The era of COVID-19 has brought to the forefront mRNA-based vaccines. With the EUA approval of Pfizer and Moderna’s vaccines, the technology which goes into the discovery and manufacturing of this novel class of vaccines has been of public interest. A complex drug product, mRNA vaccines and therapeutics are unstable and very susceptible to cellular environmental impacts. A large number of resources have been directed to the effective delivery of the active compound.
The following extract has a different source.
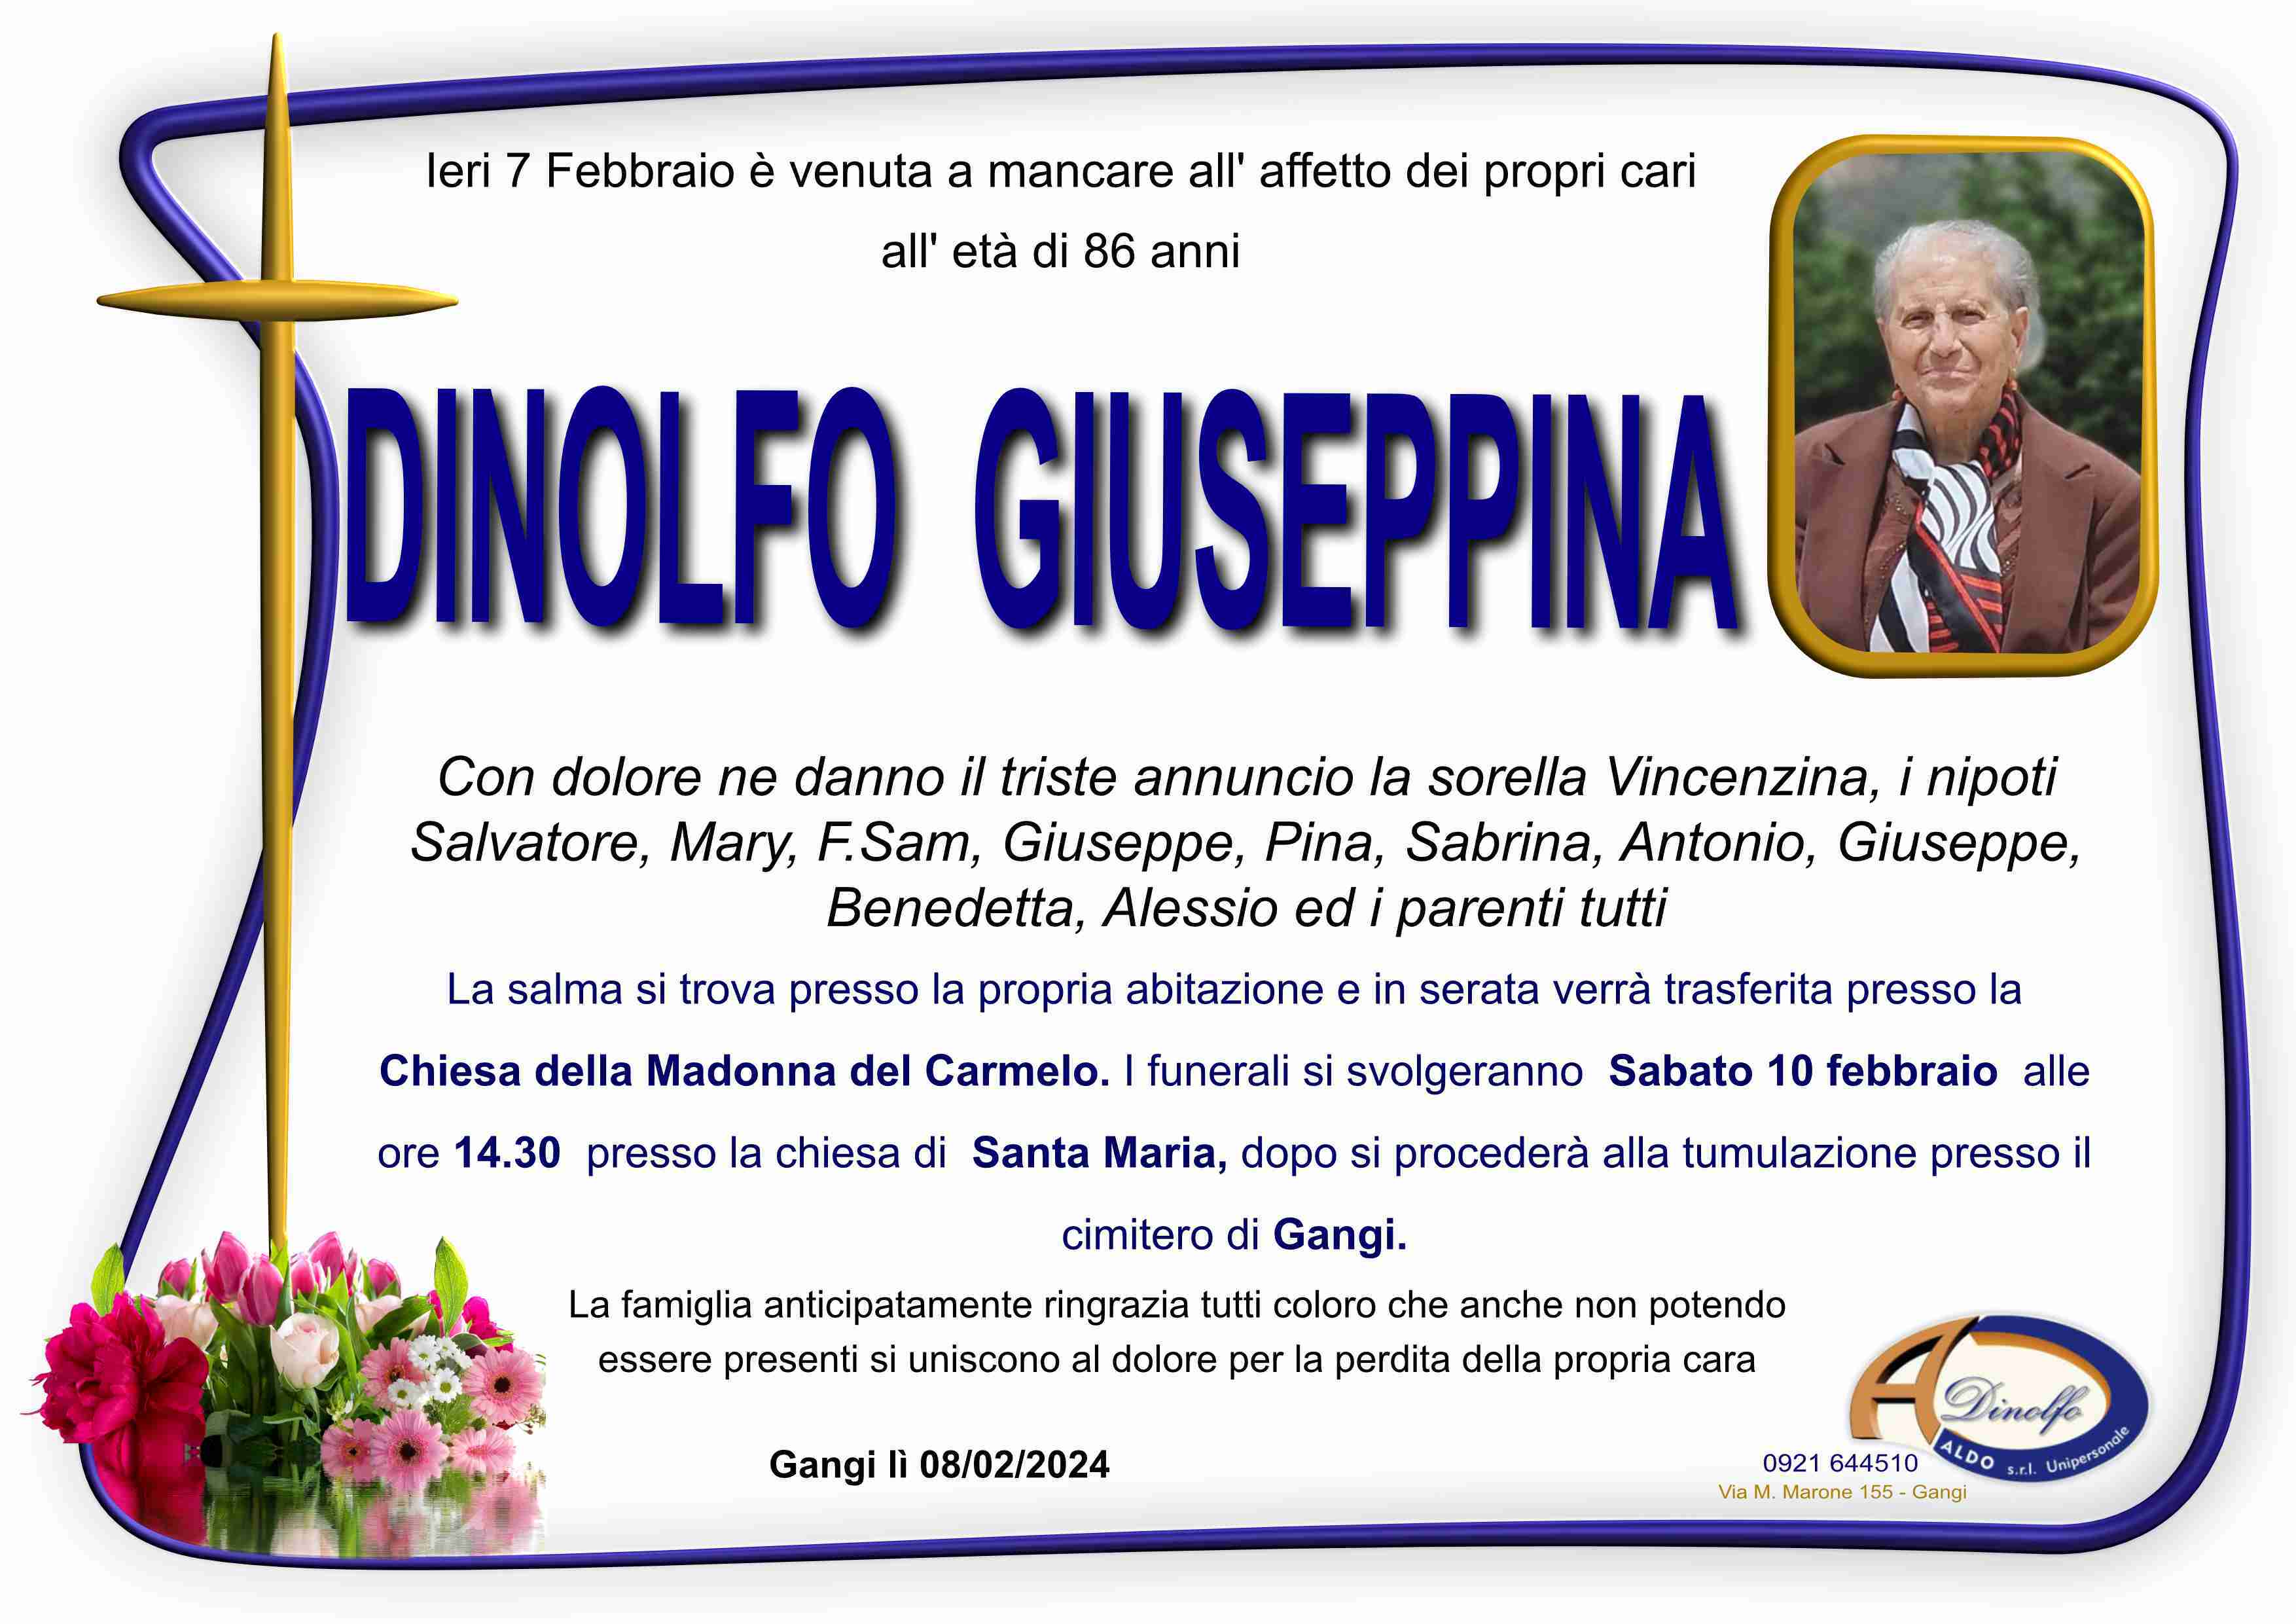 Dinolfo Giuseppina

At present, lipid nanoparticles (LNPs) are among the most common vectors for in vivo RNA delivery. Historically, the majority of research involving LNPs was targeted at the treatment of genetic conditions in a variety of tissues, a considerable amount has also been aimed at those which target the immune system. In general, LNPs a composed of a lipid bilayer shell surrounding an aqueous core. The bilayer shell is created using a combination of different lipids; however, other structures have been reported. The majority of LNP formulations utilize cationic lipids to aid in the complexation of negatively charged RNA, although some anionic and neutral formulations have also been utilized historically. Several studies have indicated that cationic lipids which bear a permanent positive charge have a higher toxicity while being less efficient, significant research into the potency of LNPs has led to the development of new, ionizable lipids and lipid-like materials. Under physiological pH conditions, such lipids and lipidoids are comprised of amine groups that maintain a neutral or mildly cationic surface charge, which are able to reduce nonspecific lipid–protein interactions. This also facilitates oligonucleotide release in the cytosol. In the endosome, it is suggested that the amine groups are ionized upon acidification aiding in the induction of hexagonal phase structures, thus disrupting the late endosomes membranes, which, in turn, enables cellular uptake and endosomal escape of mRNA into the cytoplasm1.
Many of the components utilized by LNPs to deliver mRNA have also been selected to deliver siRNA, with several clinical studies, having been performed in recent years, delivering siRNA in LNP carries2. Though the exact formulations used to deliver the much larger mRNA molecules will likely vary from the ones used for siRNA, many of the strategic challenges are the same3.
- Reichmuth, A. M., Oberli, M. A., Jaklenec, A., Langer, R., & Blankschtein, D. (2016). mRNA vaccine delivery using lipid nanoparticles. Therapeutic delivery, 7(5), 319–334.
- Xue HY, Guo P, Wen W-C, Wong HL. Lipid-based nanocarriers for RNA delivery. Pharm. Des. 2015;21(22):3140–3147.
- Kauffman KJ, Dorkin JR, Yang JH, et al. Optimization of lipid nanoparticle formulations for mRNA delivery in vivo with fractional factorial and definitive screening designs. Nano Lett. 2015;15(11):7300–7306.